Clark writes that almost one in ten kids in the United States has asthma. She notes that simply living with the disease takes courage.
“Children may awaken from sleep, in the dark, unable to catch their breath, urgently having to decide whether to arouse a sleeping parent or to administer a medicinal procedure, solo,” she writes.
But in Hollywood movies, kids with asthma are often presented as weak and easily frightened. Analyzing sixty-six English-language movies where asthma played a role, Clark and her research assistants found that 17 percent portrayed an asthmatic person as a wimp or social outcast. In the 2001 movie Jimmy Neutron: Boy Genius, for example, Jimmy’s asthmatic friend Carl is a cowardly hypochondriac.
When Clark showed clips of that movie to six school-age kids with asthma and six of their best friends during individual interviews, they quickly identified Carl as a “fraidy cat,” “weird,” or “a dork.” On the other hand, one twelve-year-old boy found the depiction of mockery and bullying faced by a character with asthma in the 1992 karate movie Sidekicks relatable.
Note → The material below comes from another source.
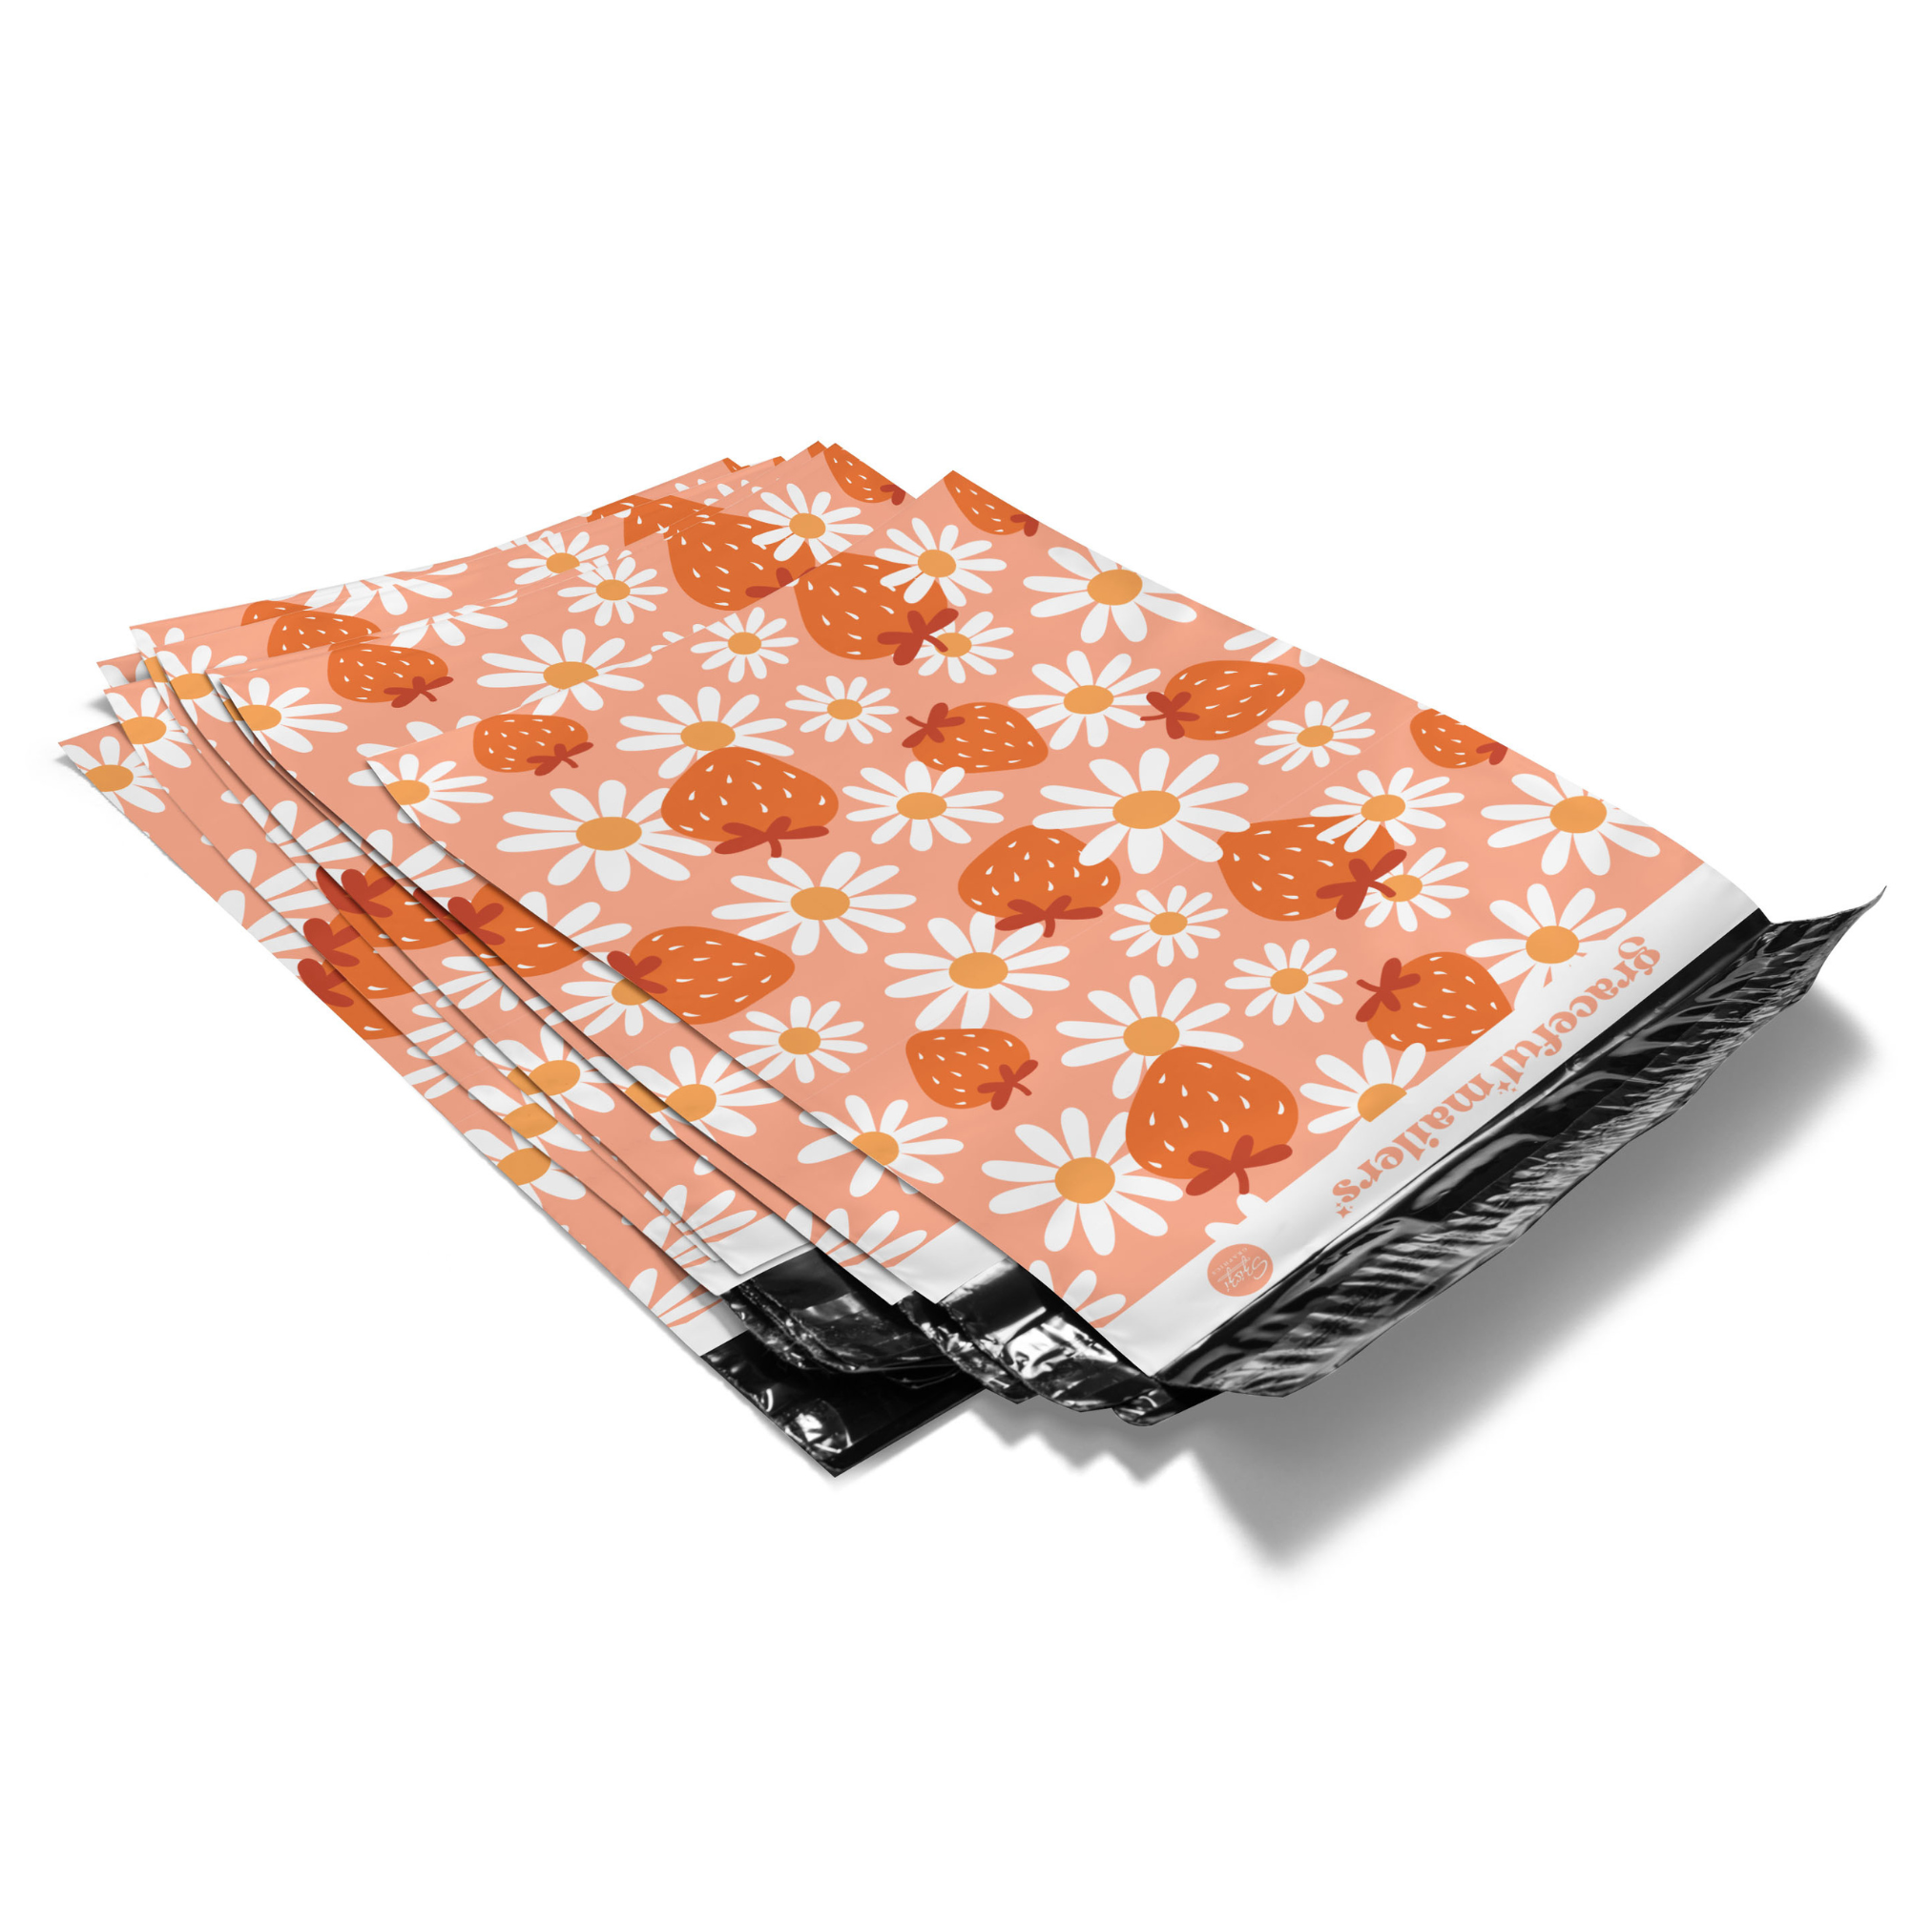 Daisy Berries - 6x9 Poly Mailer

“In gym you can’t do a lot of stuff, you’re always taking breaks,” the boy said. “And then kids make fun of you ’cause you can’t do that kind of stuff or you start coughing and they will make fun of you.”
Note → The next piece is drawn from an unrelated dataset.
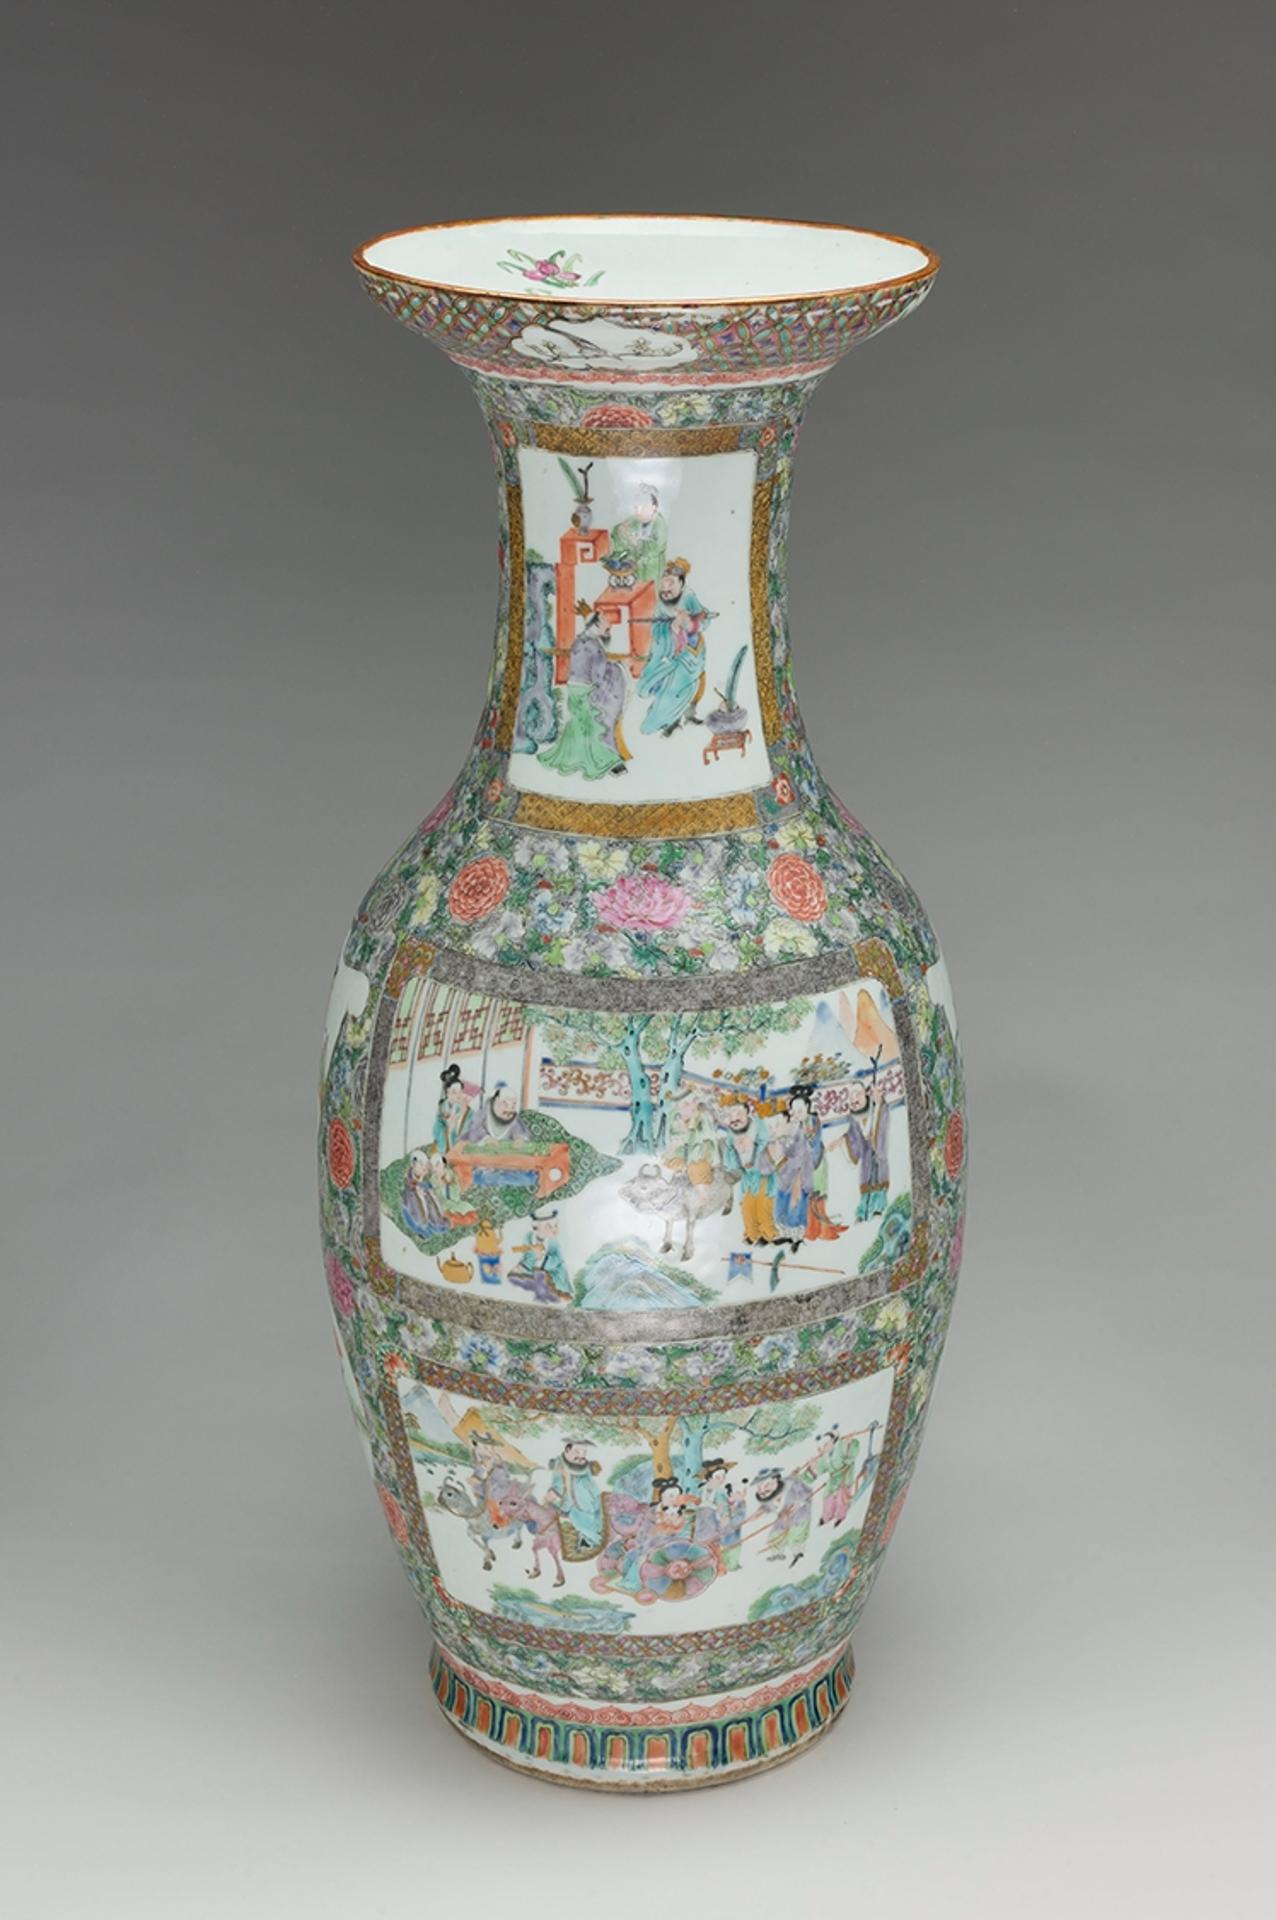 Chinese Art - A Large Export Canton Rose 'Figural' Vase, circa 1850

Clark also found that nearly 7 percent of the movies used the idea of “asthma as power,” as when a character in Jimmy Neutron squirts alien enemies with an inhaler. And 3.3 percent presented a “will power” trope in which a character cures or relieves their asthma through their mental attitude—even throwing away their inhalers, as an asthmatic character does in The Goonies (1985). In reaction to scenes displaying these themes, the students complained that the characters were failing to take their condition seriously.
But the most common trope in the movies Clark analyzed, found in more than 40 percent of them, was asthma as a stress response. In movies using this trope, a person’s asthma attack comes during a threatening situation or struggle, emphasizing and intensifying the tension in a scene. Some of the healthy friends of kids with asthma saw these scenes as conveying the idea that asthma attacks could be a response to stress. Interestingly, that wasn’t the interpretation of most of the kids with asthma. They were more likely to attribute the attacks to dust or other environmental conditions.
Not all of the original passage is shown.